Jika saya katakan bahwa Kabinet Jokowi-JK harus berbuat maksimal pada masa pemerintahannya untuk membela rakyat kecil, janganlah ditafsirkan pemerintah-pemerintah terdahulu tidak membela rakyat. Semuanya telah berbuat, tetapi sama sekali tidak maksimal, dan mungkin kurang serius dengan berbagai alasan dan pertimbangan. Melihat tipe Jokowi-JK yang sederhana dan merakyat, walaupun berasal dari kelas pengusaha, tidaklah berlebihan bila Resonansi ini punya harapan besar kepada mereka. Yang namanya rakyat jelata, tuntutan mereka juga bersifat jelata: jika sudah cukup sandang, pangan, papan, beaya kesehatan, dan beaya pendidikan, mereka sudah amat bahagia. Mereka tidak _neko-neko_. Do’a mereka untuk pemimpin yang jujur dan peduli siapa tahu akan langsung didengar Allah.

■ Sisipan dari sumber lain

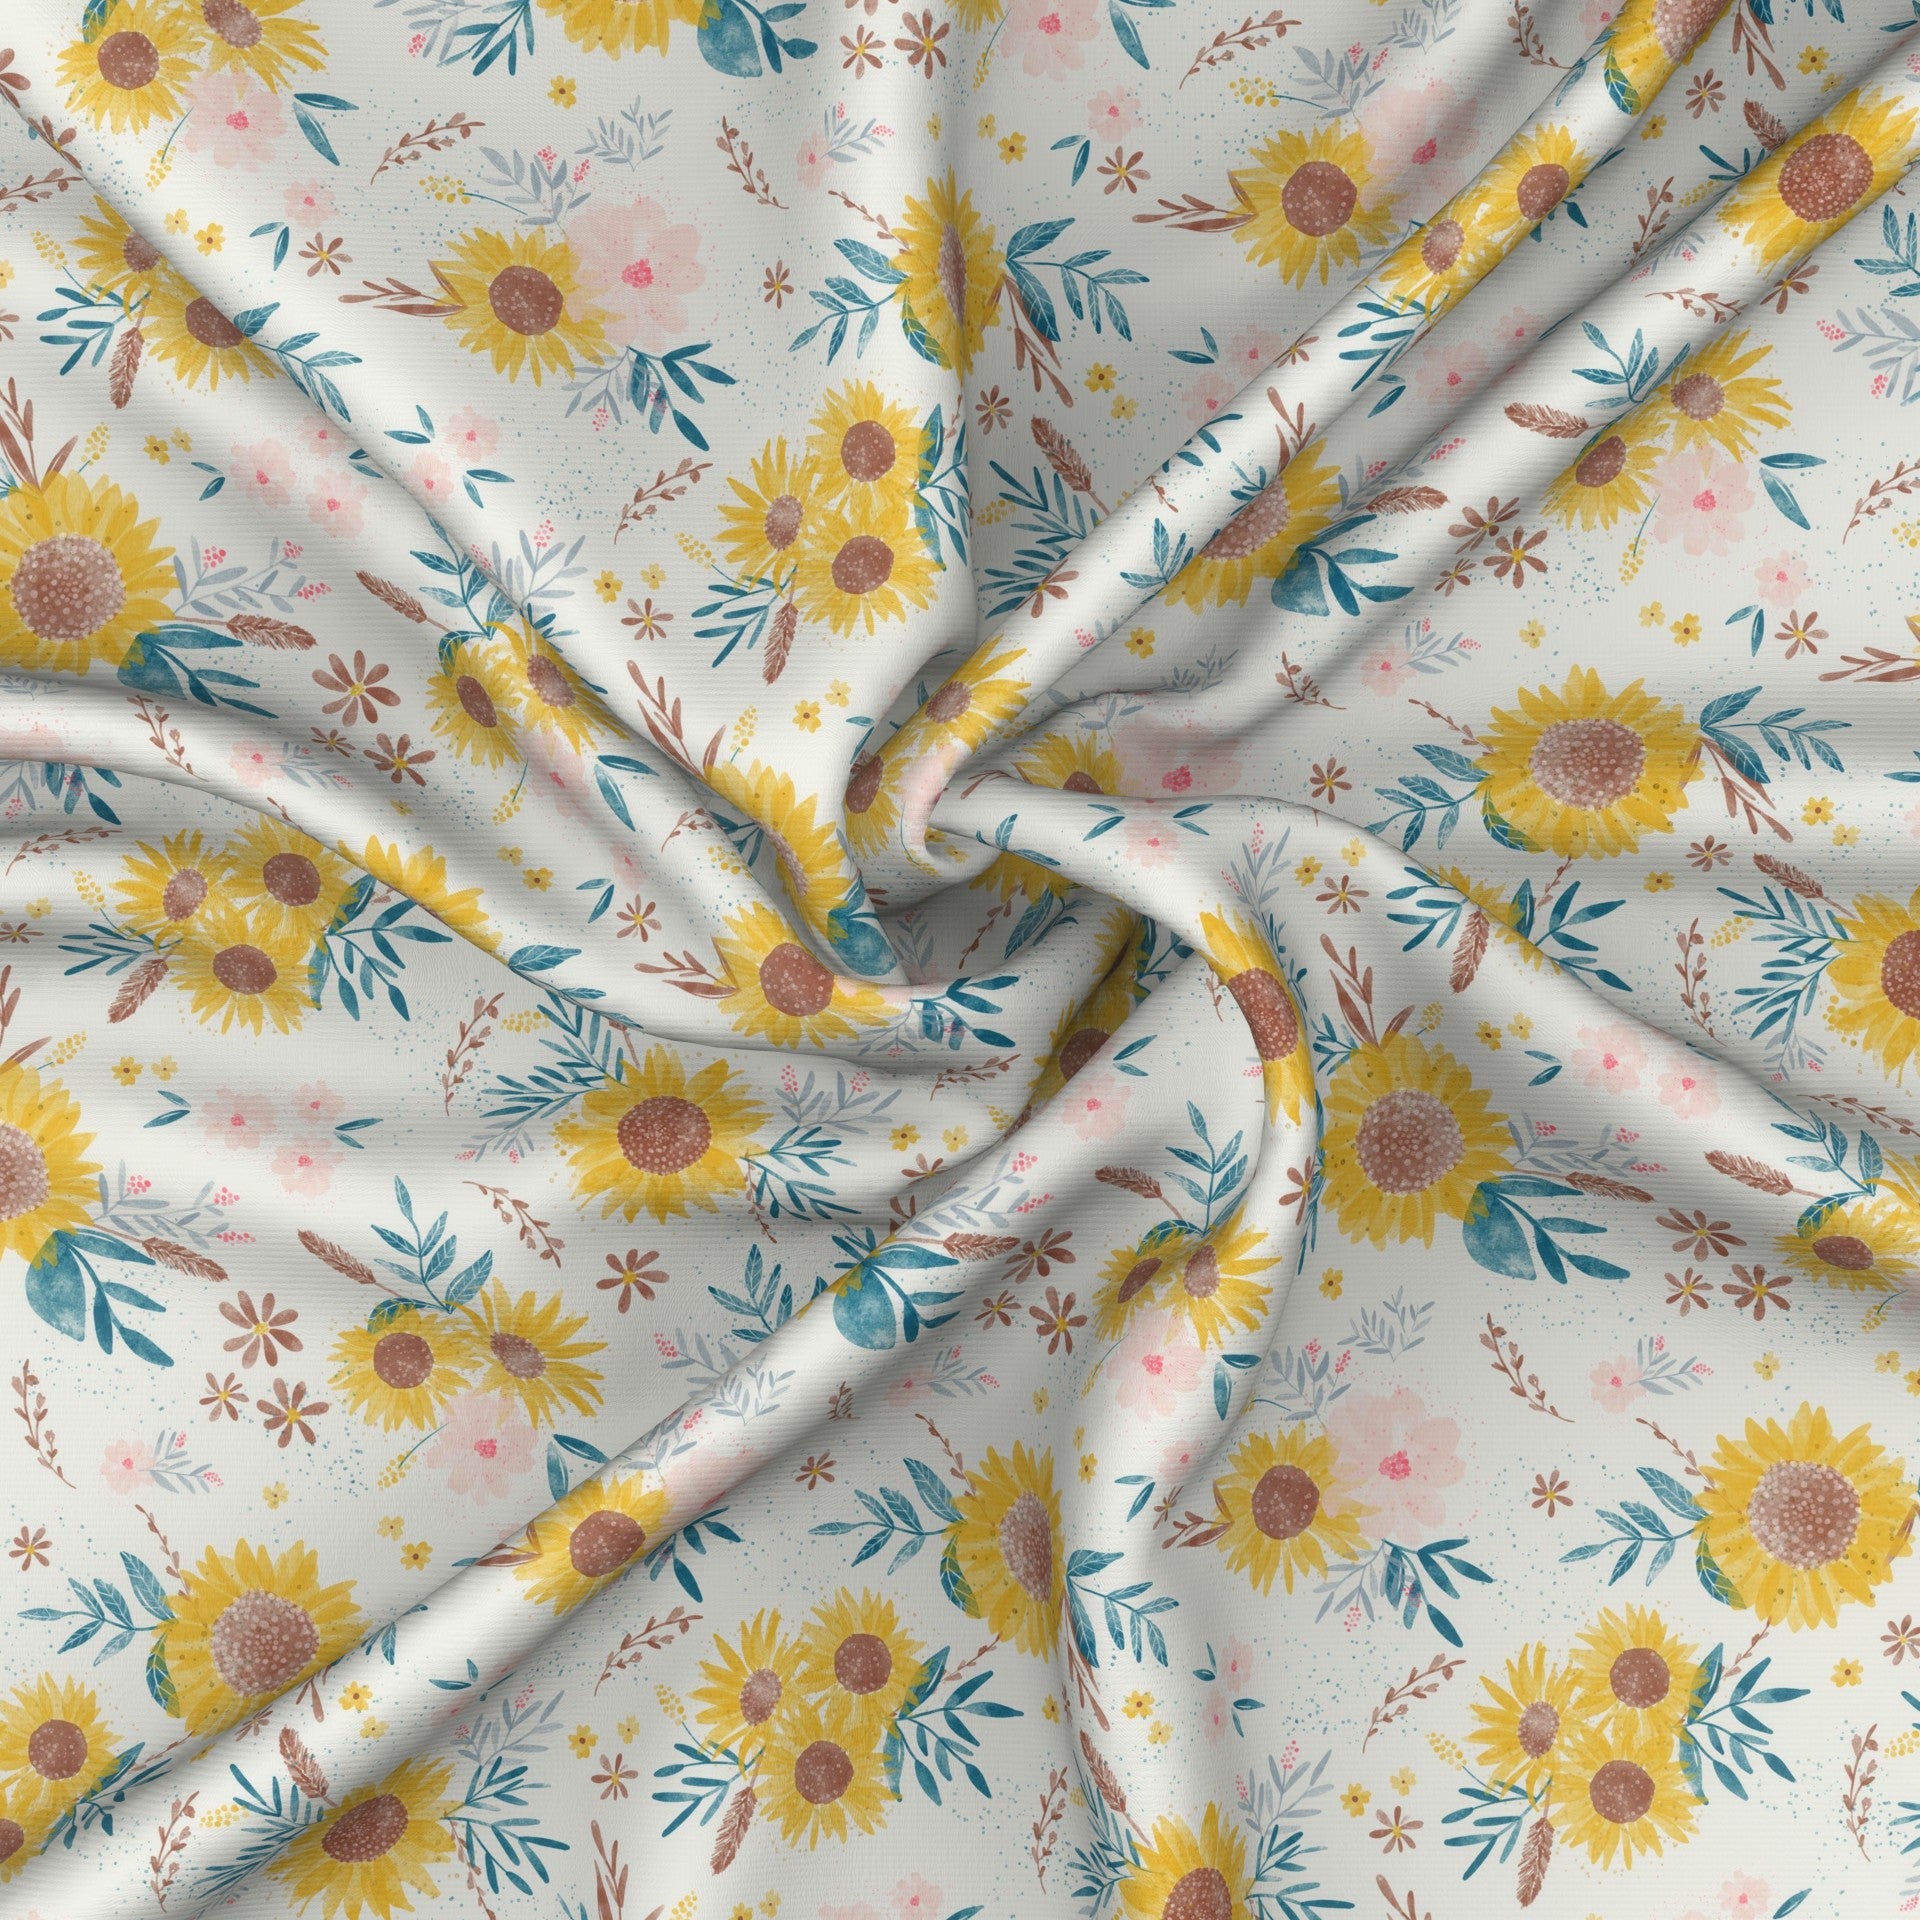 Watercolor Sunflowers on Beige | Sunflower Fields Forever by Kim Henrie Fabric, Raspberry Creek Fabrics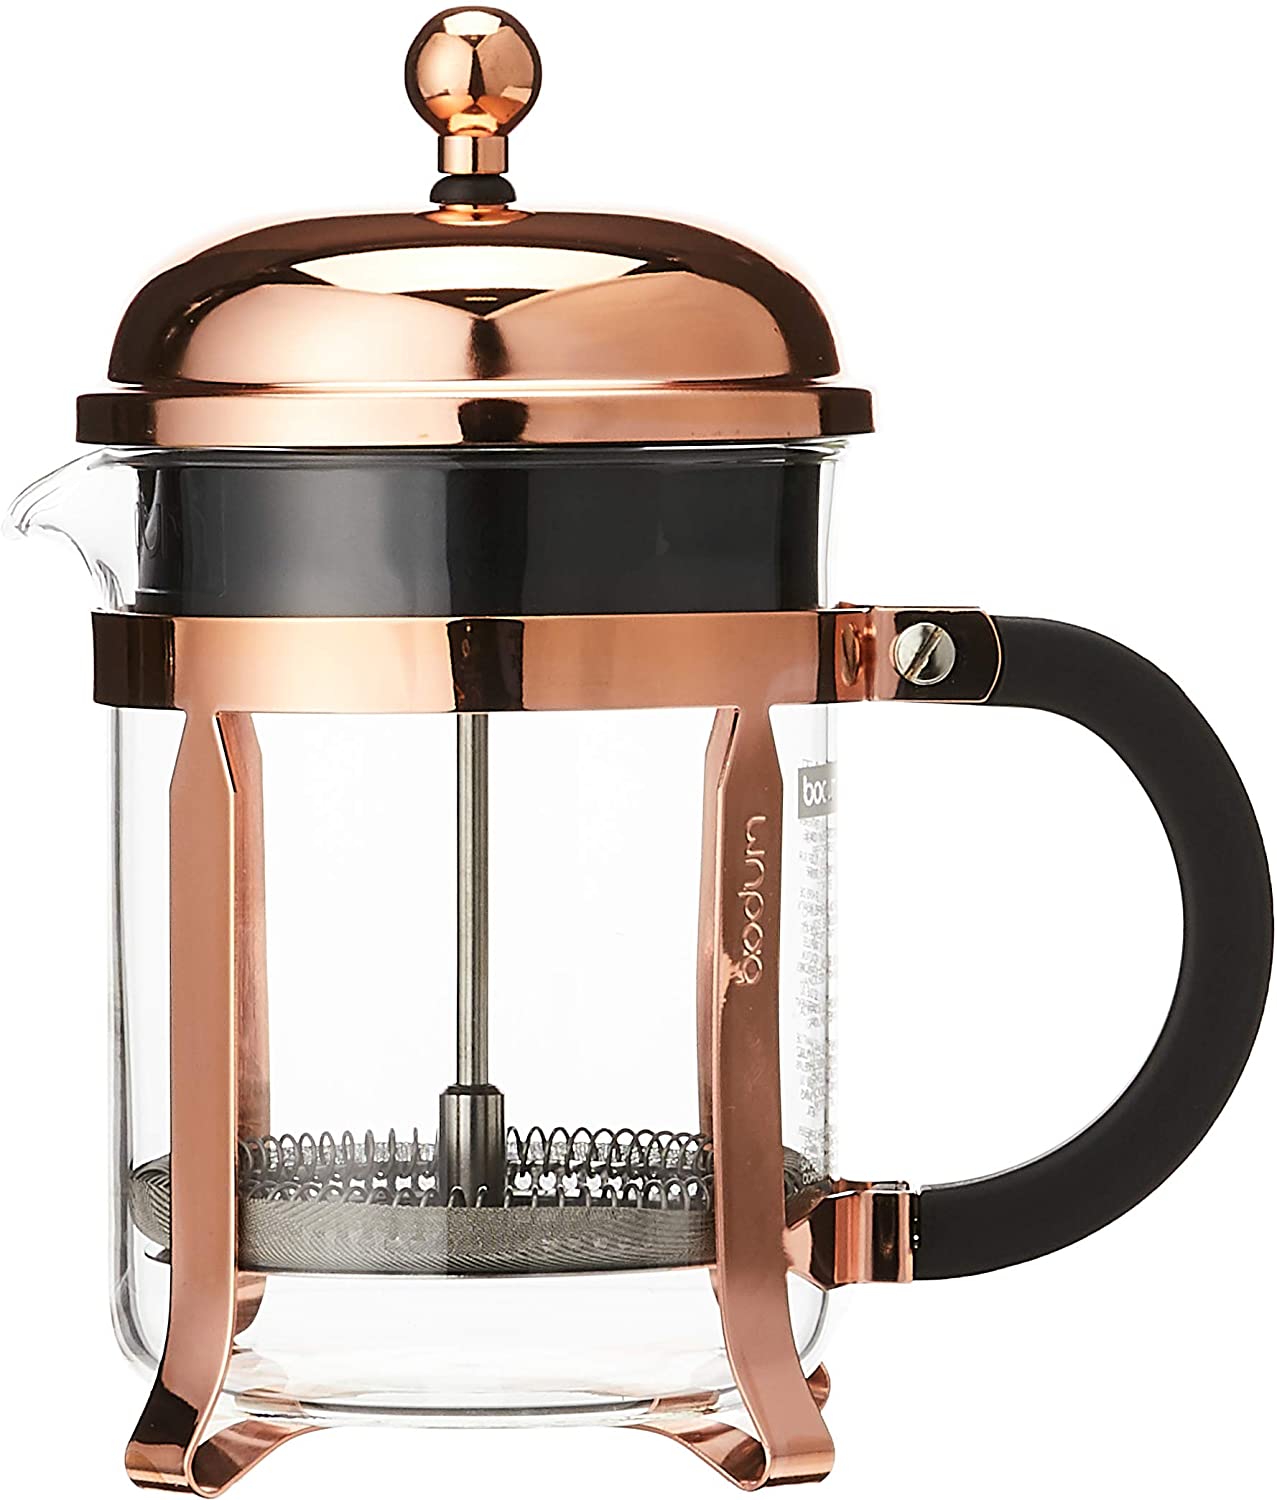 Bodum Chambord 4 Cup Coffee Maker in Chrome, 10.5 x 16.6 x 19 cm pink

Kecuali TKI yang sudah biasa naik pesawat untuk menyabung nyawa ke negeri orang, sebagian besar rakyat jelata Indonesia baru sebatas mendengar bunyi mesin pesawat yang gemuruh sambil melihat bentuk pesawat yang sedang melaju tinggi di atas kepalanya. Orang kampung saya Sumpur Kudus, bisa dihitung dengan jari yang sudah merasakan bagaimana rasanya terbang dalam pesawat itu. Bagi rakyat jelata, jalur udara adalah sebuah kemewahan. Sebagian besar rakyat jelata ini tidak banyak mengalami perbaikan nasib sejak dari nenek moyangnya ratusan tahun yang silam.Tengoklah para buruh tani, nelayan, buruh kota, guritan nasib terpancang jelas di wajahnya, wajah yang sarat dengan beban hidup. Tetapi mereka adalah warga negara Indonesia yang sah, sama sahnya dengan warga negara yang telah amat diuntungkan oleh pertumbuhan ekonomi nasional yang belum berpihak kepada rakyat kecil.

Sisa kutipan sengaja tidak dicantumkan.